§ **DATA PROVIDED**:
•••••

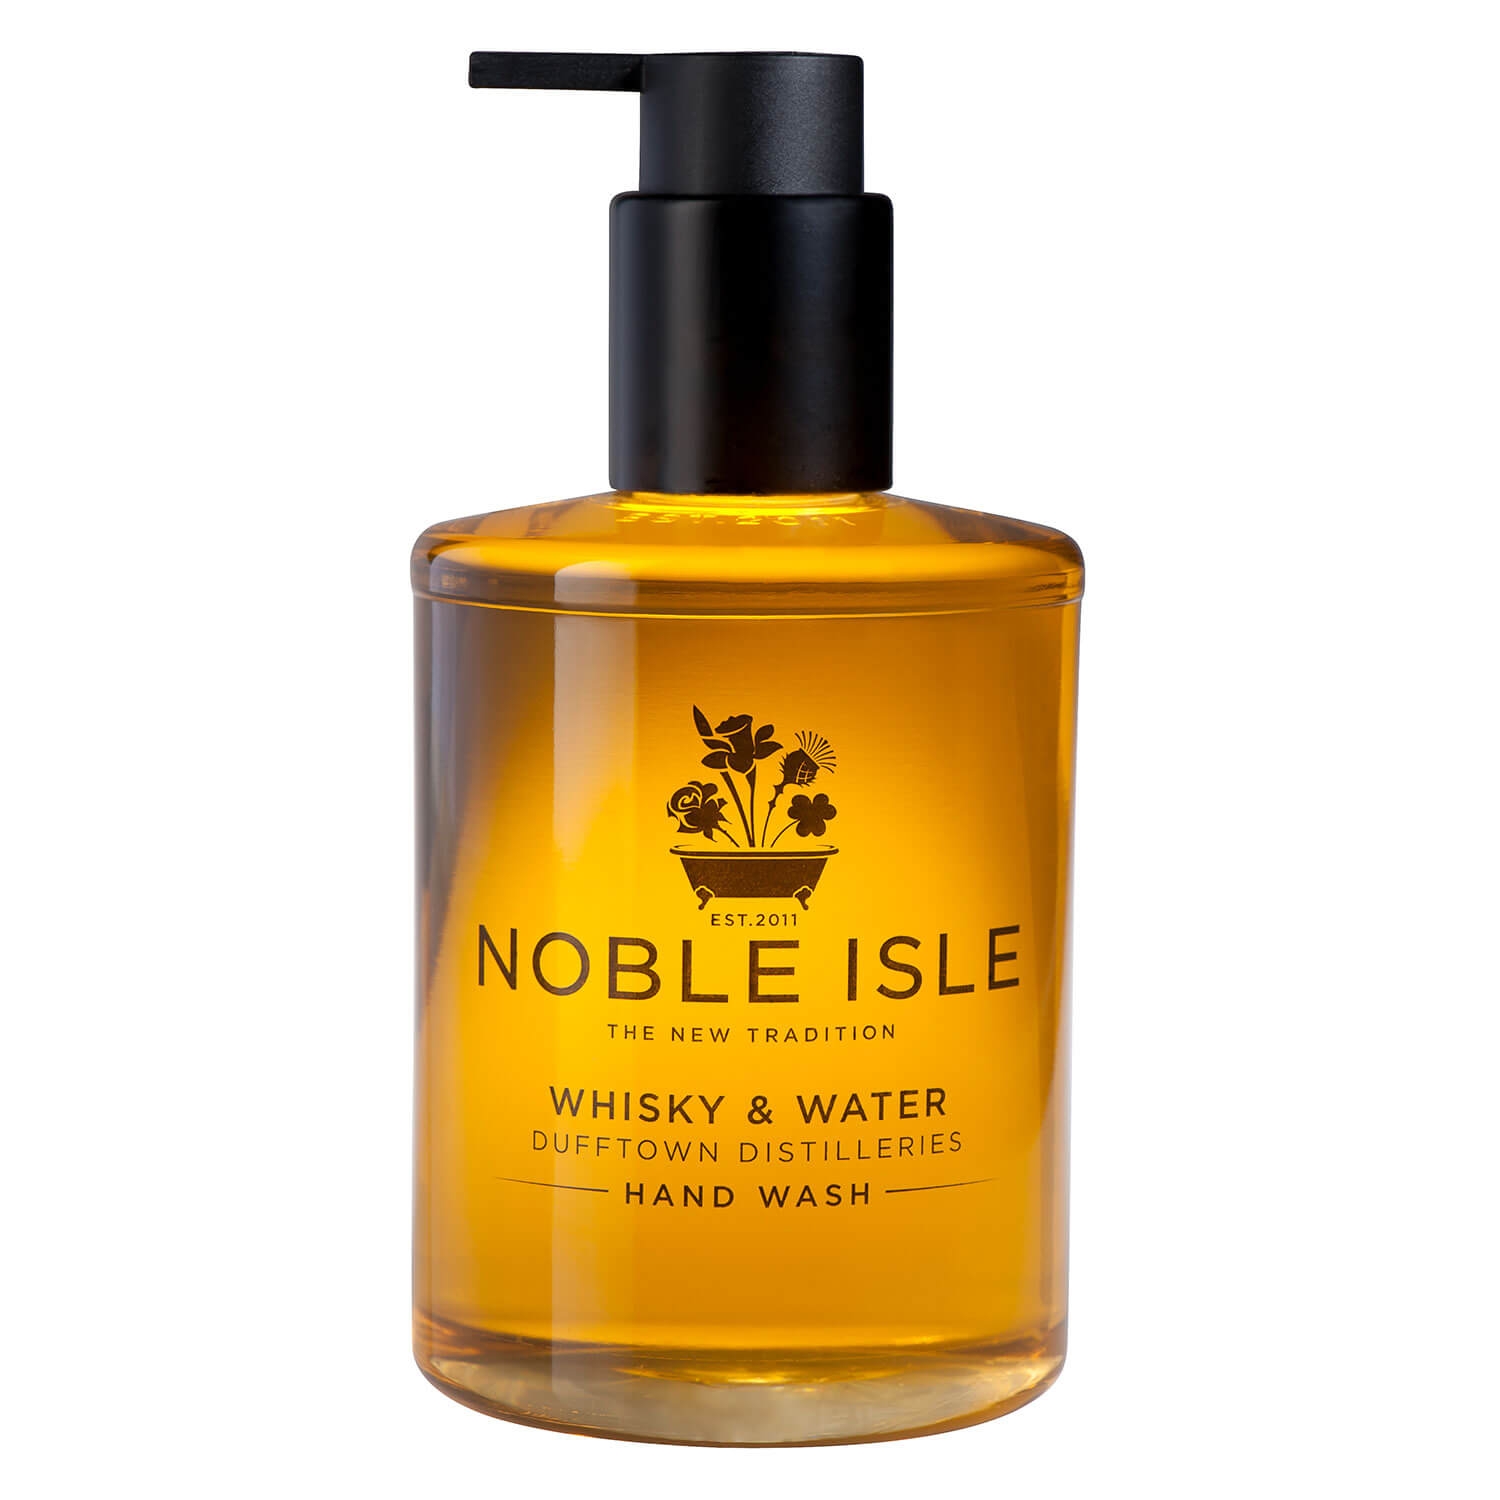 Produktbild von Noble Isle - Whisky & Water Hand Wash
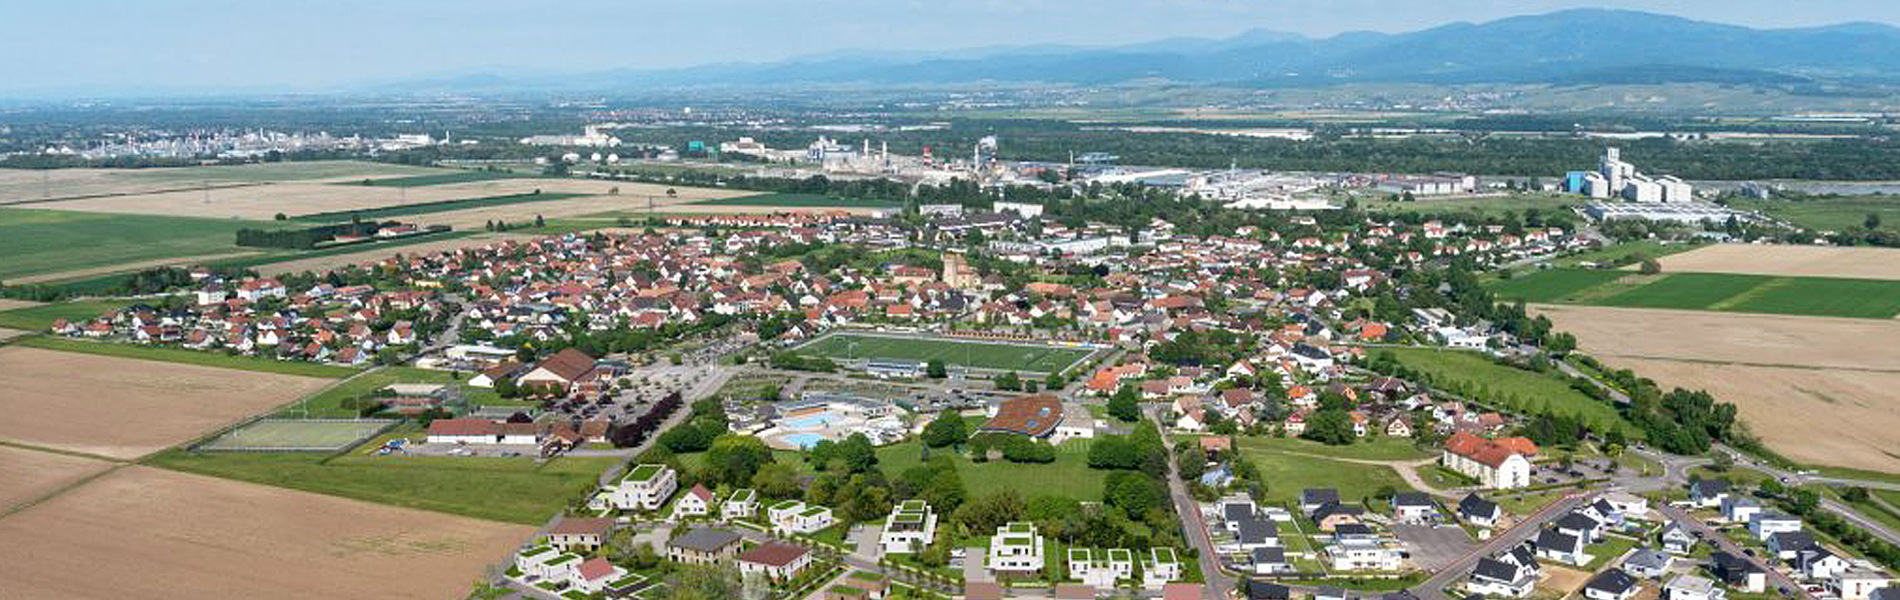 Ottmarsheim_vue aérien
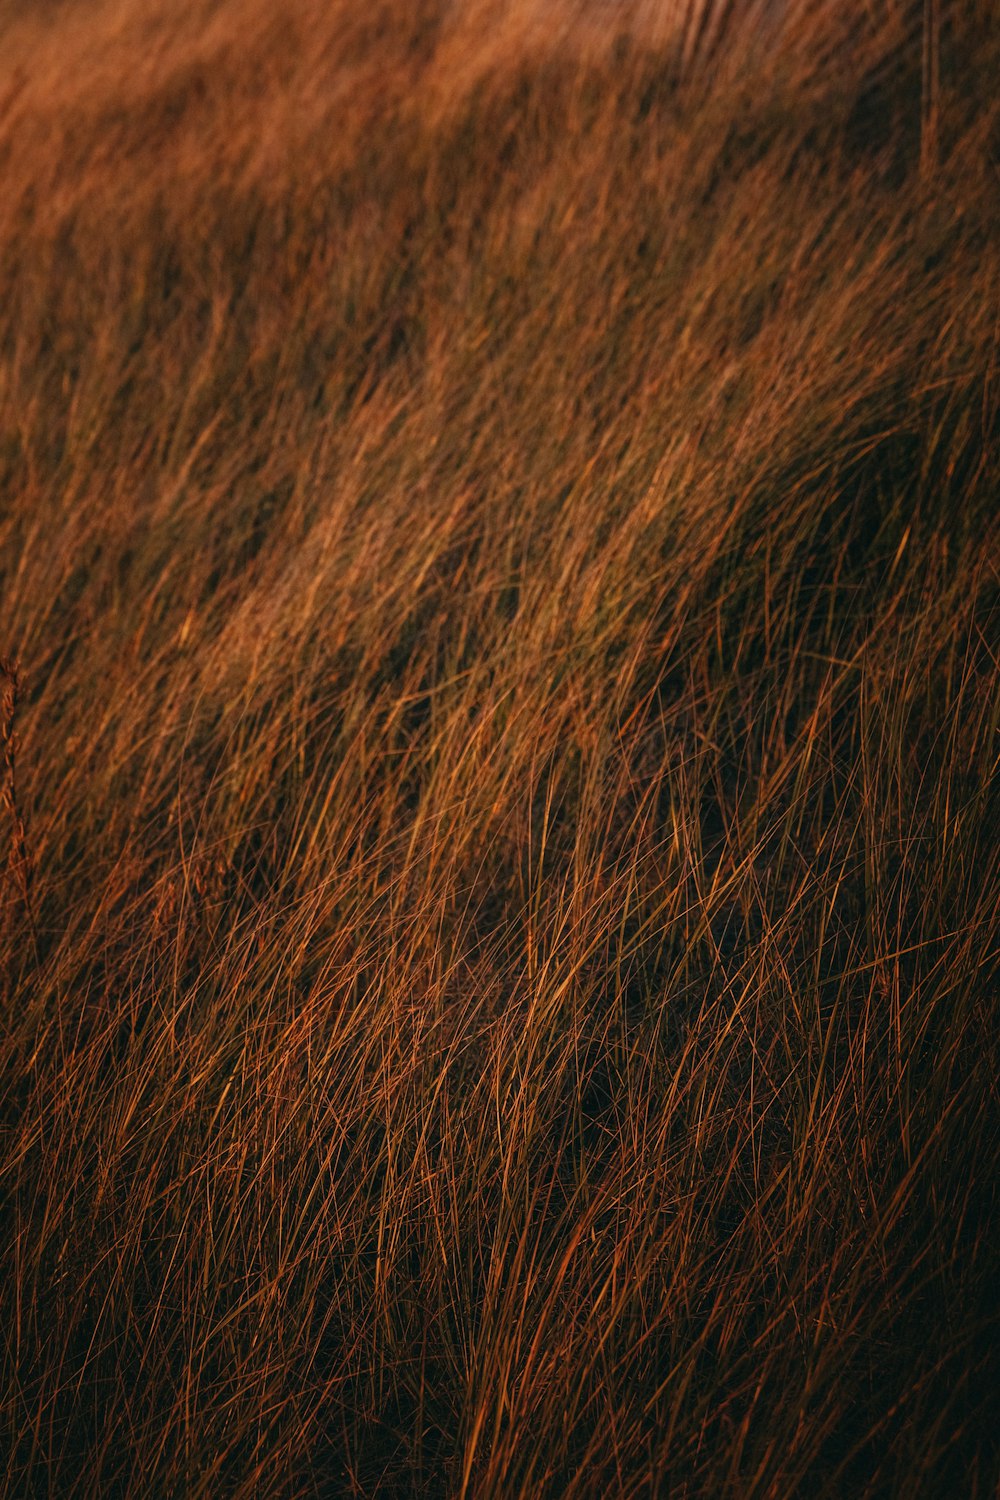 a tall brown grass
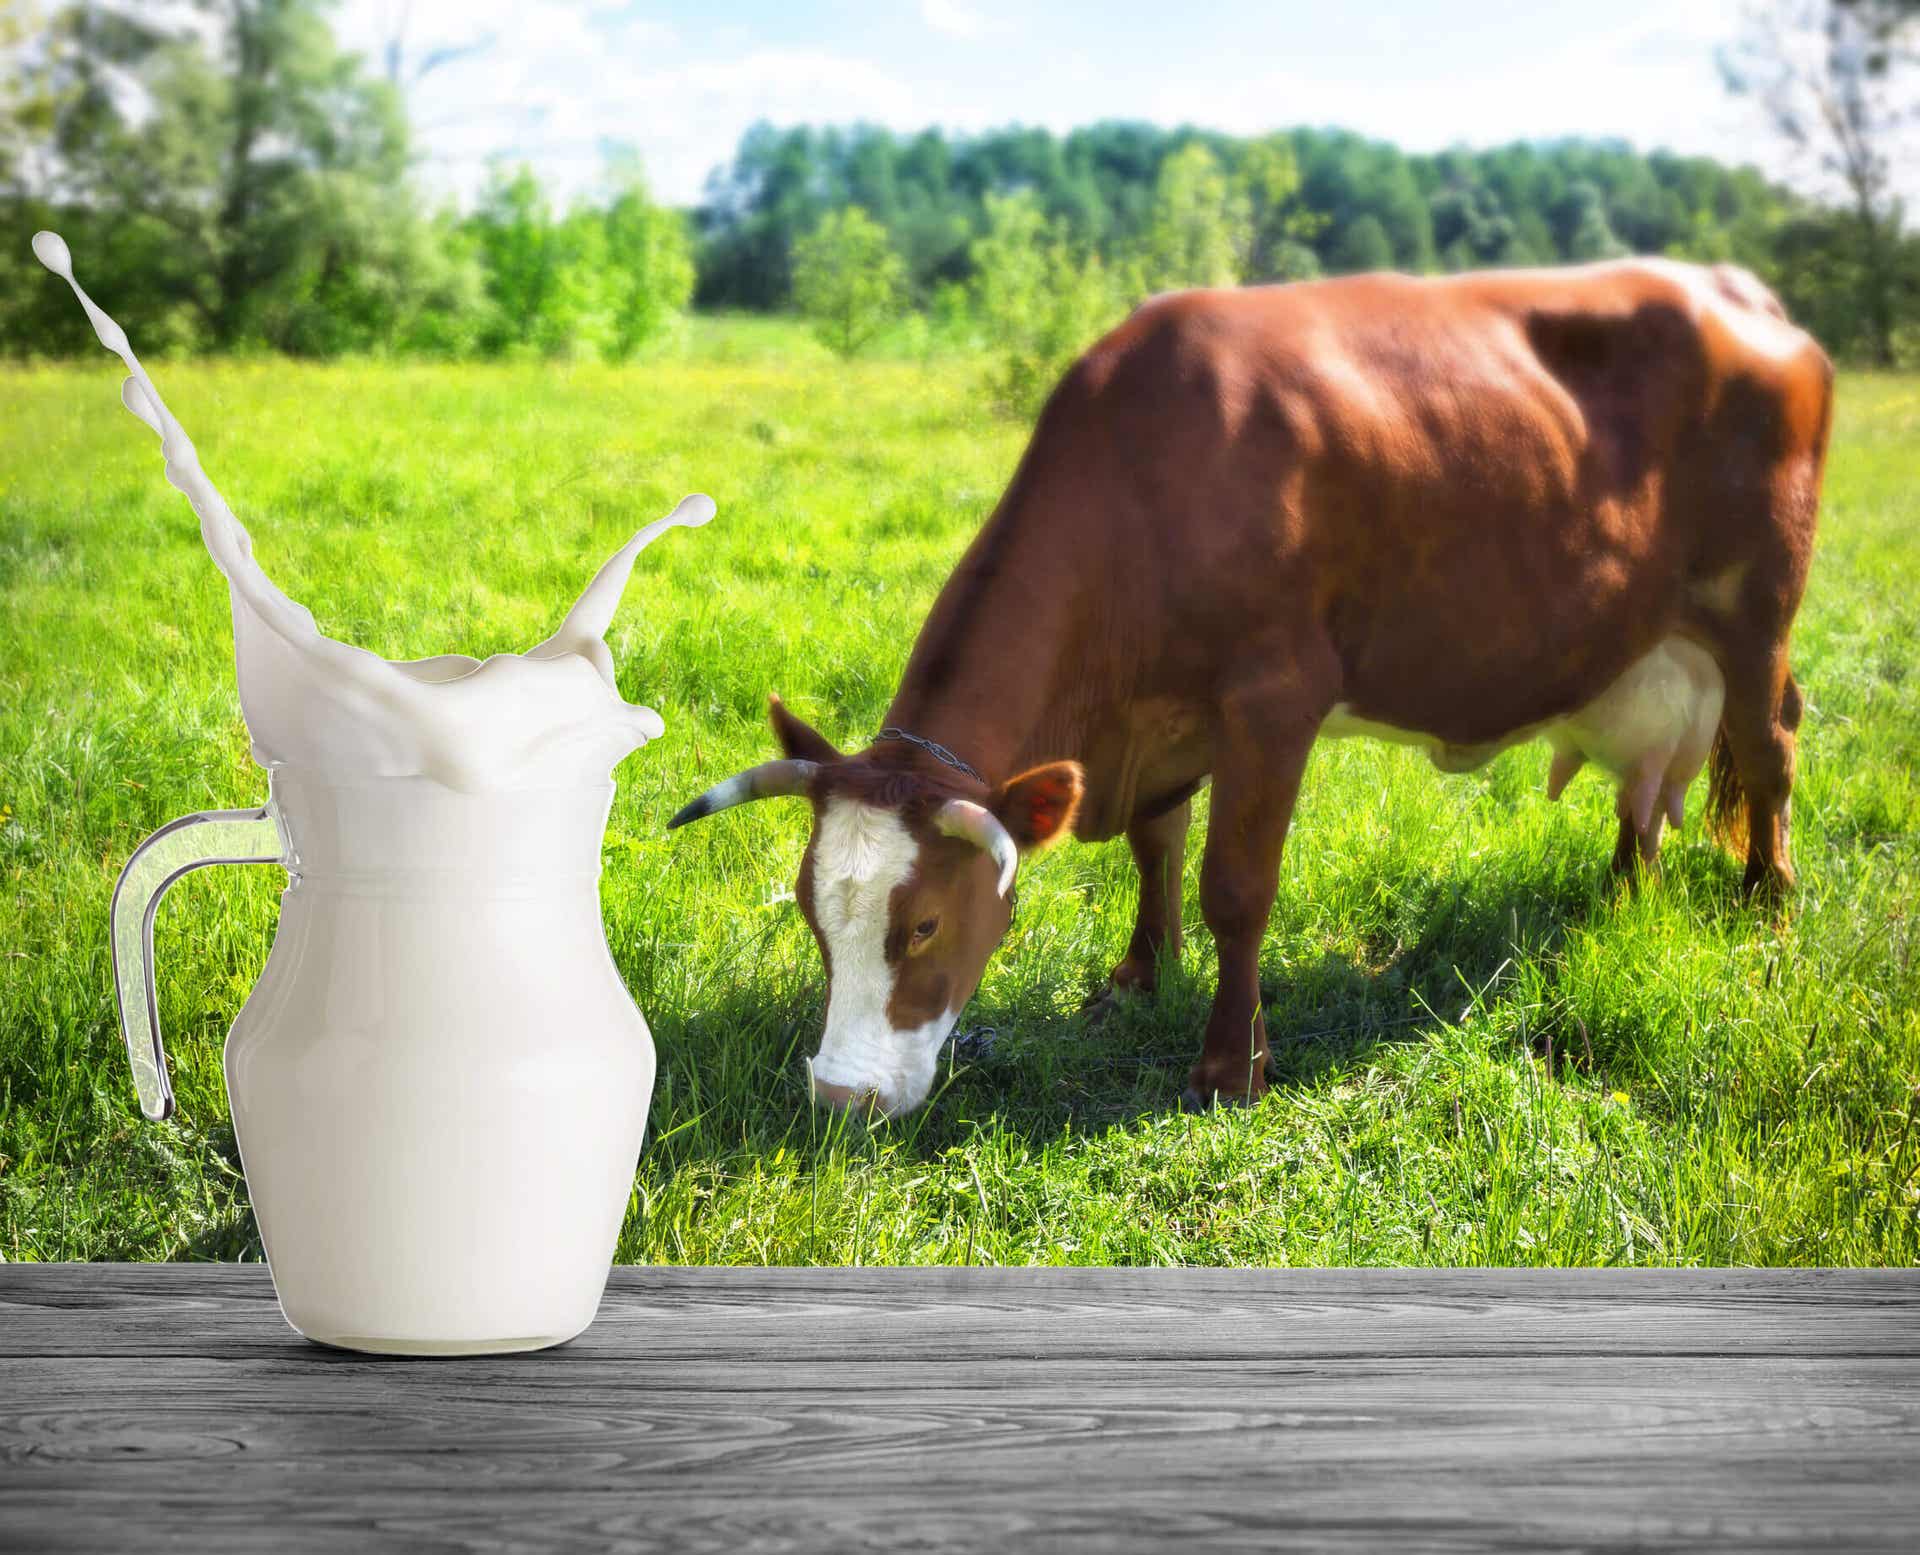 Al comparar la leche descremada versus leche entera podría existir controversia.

•••••

§ **WHAT IS EXPECTED**:
Retype the data exactly; images stay out.

§ **ANSWER SPACE**:
 Produktbild von Noble Isle - Whisky & Water Hand Wash
 Ottmarsheim_vue aérien
 a tall brown grass
 Al comparar la leche descremada versus leche entera podría existir controversia.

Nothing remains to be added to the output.